The Cardiovascular System:
Cardiac output and plasma volume decrease to prepregnant levels within a week. Loss of oedema can take up to 6 weeks. If transiently elevated, blood pressure is usually normal within 6 weeks.
The Urinary Tract:
The physiological dilatation of pregnancy reduces over 3 months and glomerular filtration rate (GFR) decreases.
The Blood:
Urea and electrolyte levels return to normal because of the reduction in GFR. In the absence of haemorrhage, haemoglobin and haematocrit rise with haemoconcentration. The white blood count falls. Platelets and clotting factors rise, predisposing to thrombosis.
General Postnatal Care
The mother and baby should not be separated, and privacy is important. Early mobilization is encouraged. Counselling and practical help with breastfeeding are often required. Uterine involution and the lochia, blood pressure, temperature, pulse and any perineal wound are checked daily. Careful fluid balance checks should prevent retention if a woman has had an epidural. Analgesics may be required for perineal pain, which is also helped by pelvic floor exercises. The full blood count may be checked before discharge, and iron is prescribed if appropriate, usually in conjunction with laxatives.

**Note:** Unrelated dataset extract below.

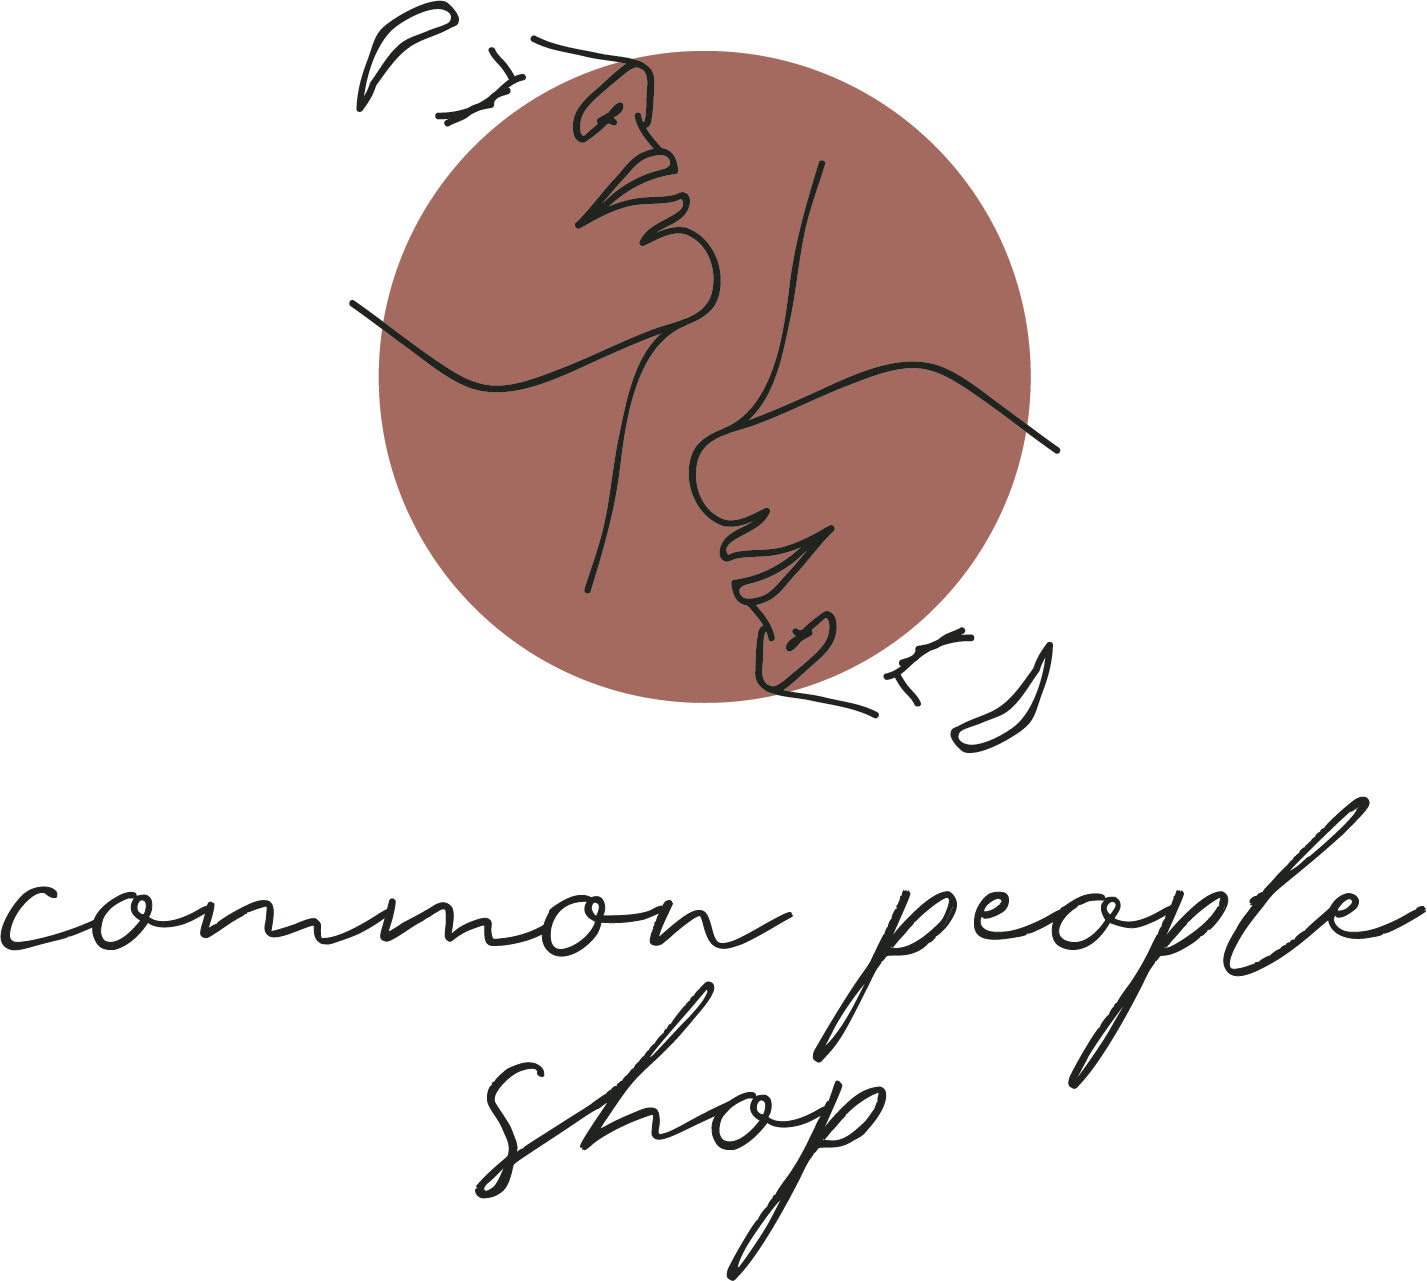 Common People Shop.jpg
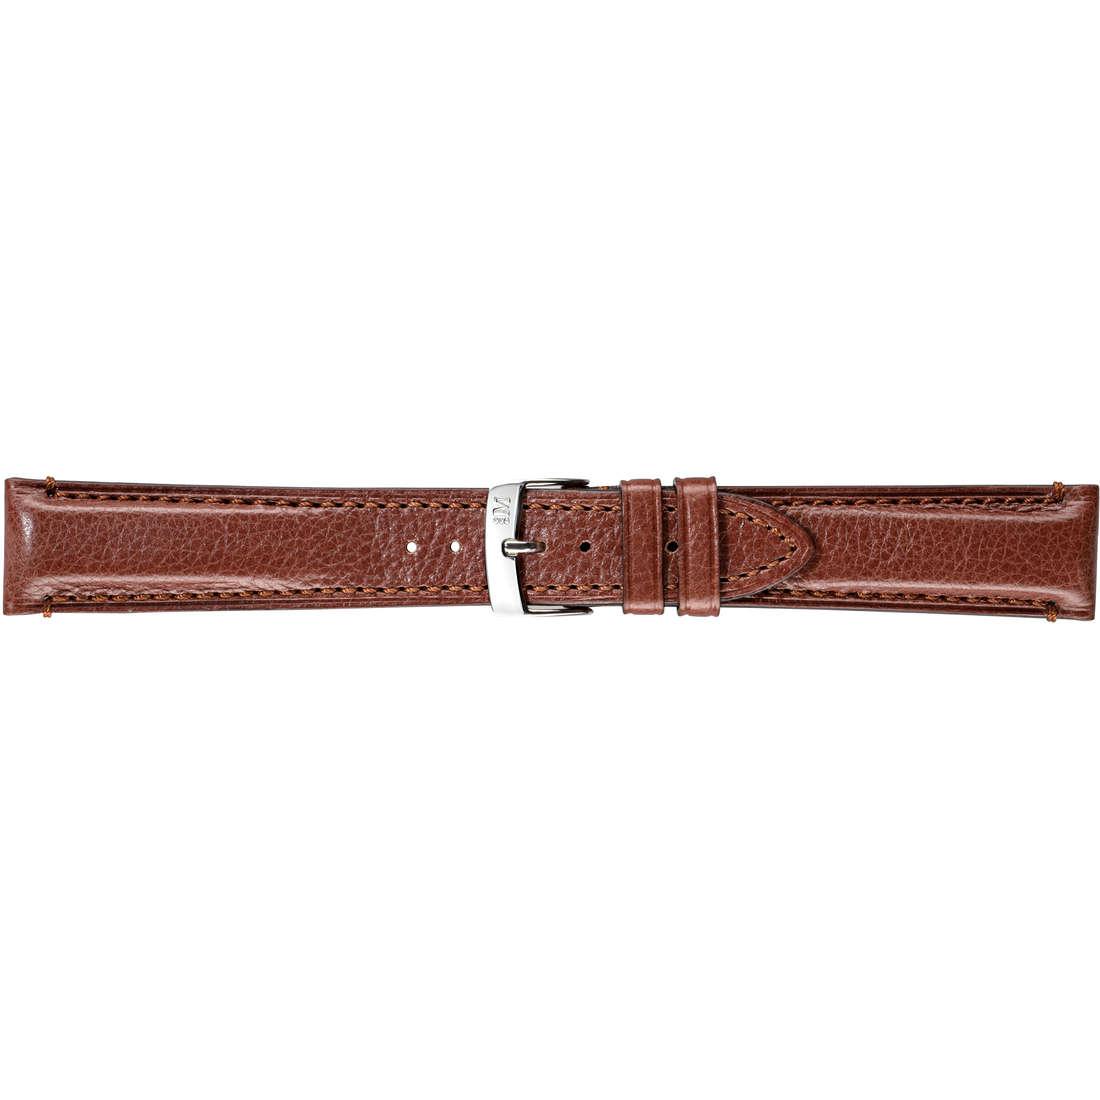 watch watch bands watch straps man Morellato Manufatti A01X4684B73041CR20

Ideally, the midwife or doctor who attended the delivery should visit the patient after delivery. The circumstances of the delivery should be discussed, particularly if there has been obstetric intervention, and the woman given the opportunity to ask questions about her labour. Discharge should be dependent on the mother’s wishes: some like to leave hospital within 6 h of delivery; others will need a few days in hospital. The GP should be alerted of any complications. Advice regarding contraception is given prior to discharge.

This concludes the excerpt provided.